🤖 AI Summary
While autonomous software agents have enhanced development efficiency, their errors and novel failure modes necessitate effective human oversight—an area lacking empirical investigation into how developers actually conduct such supervision. This study addresses this gap through semi-structured interviews with 17 experienced developers, integrating theories from human–AI collaboration and software engineering. It identifies four emergent forms of supervision: proactive control, collaborative planning, real-time monitoring, and post-hoc review—challenging the traditional view of supervision as merely reactive and revealing its inherently preventive nature. The work further distills practical heuristics, including verifying code correctness through test outcomes, offering crucial empirical insights and design implications for human-centered agent development and software engineering practice.
📝 Abstract
Autonomous software agents hold promise to increase developer productivity but make mistakes and exhibit novel failure modes, making human oversight central to successful human-agent collaboration. Existing research on agent oversight is largely conceptual; normative frameworks exist, but how users actually oversee agents is less known. In this paper, we bridge this gap by providing early empirical anchors for the theoretical discourse on agent oversight. Drawing on interviews with 17 experienced developers, we conduct an exploratory inquiry examining what forms of emergent oversight work developers perform, when, and how.

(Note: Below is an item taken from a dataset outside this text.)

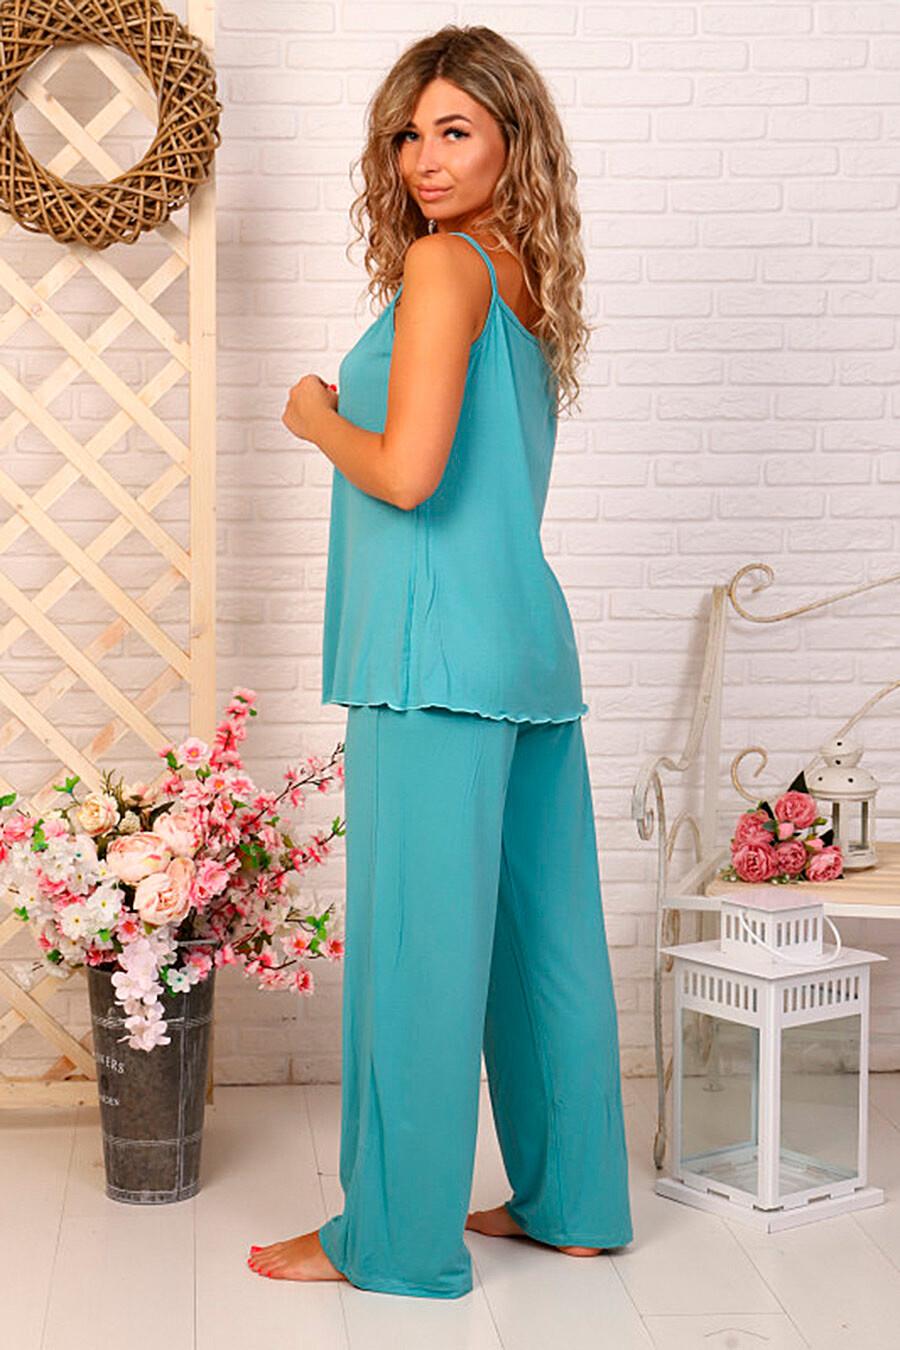 Костюм (Брюки+Топ) для женщин SOFIYA37 682277 купить оптом от производителя. Совместная покупка женской одежды в OptMoyo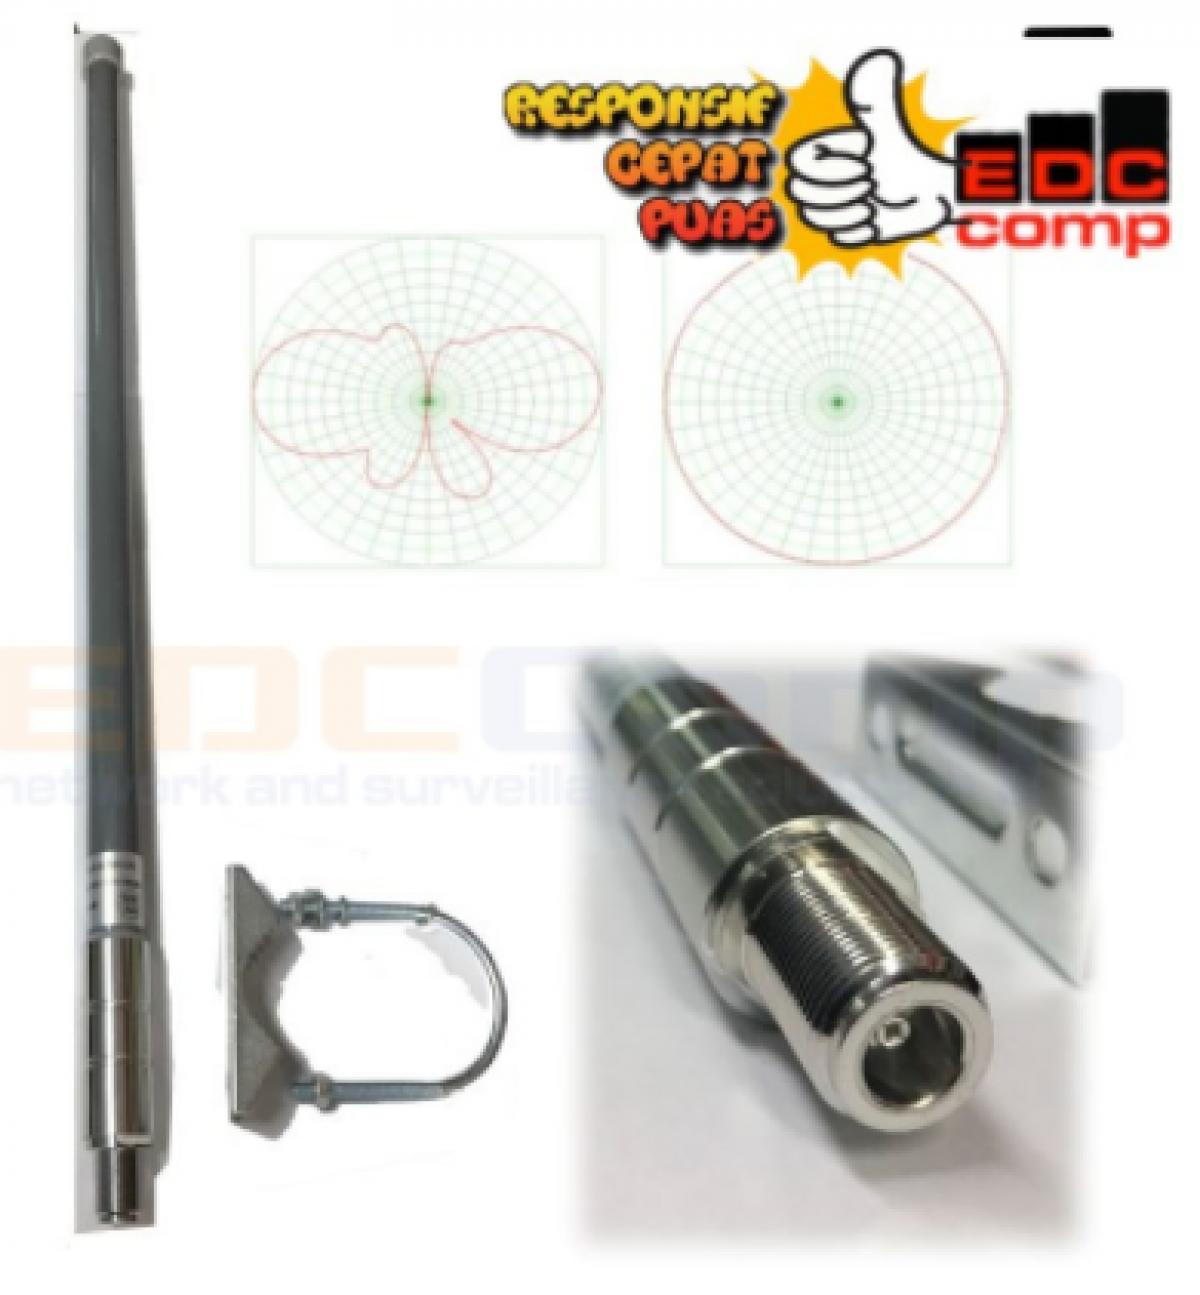 Antenna Omni Hotspot Wifi Dual Band 2.4G / 5.8G 8dBi N-Female 35 - EdcComp

We also document the oversight challenges developers face and the strategies they have started using to address them. We found at least four forms of emergent oversight work: a priori control, co-planning, real-time monitoring, and post hoc review. We show that oversight work is not only reactive and retrospective, as portrayed in existing research, but also preventative and proactive. We describe situated oversight challenges (e.g., difficulty reviewing agent-generated code) and outline heuristics developers adopt to address such challenges (e.g., using test results as guarantees for code correctness). We conclude with high-level takeaways, future research directions, implications for the human-centered design of software agents and for software engineering practice, and limitations of our research.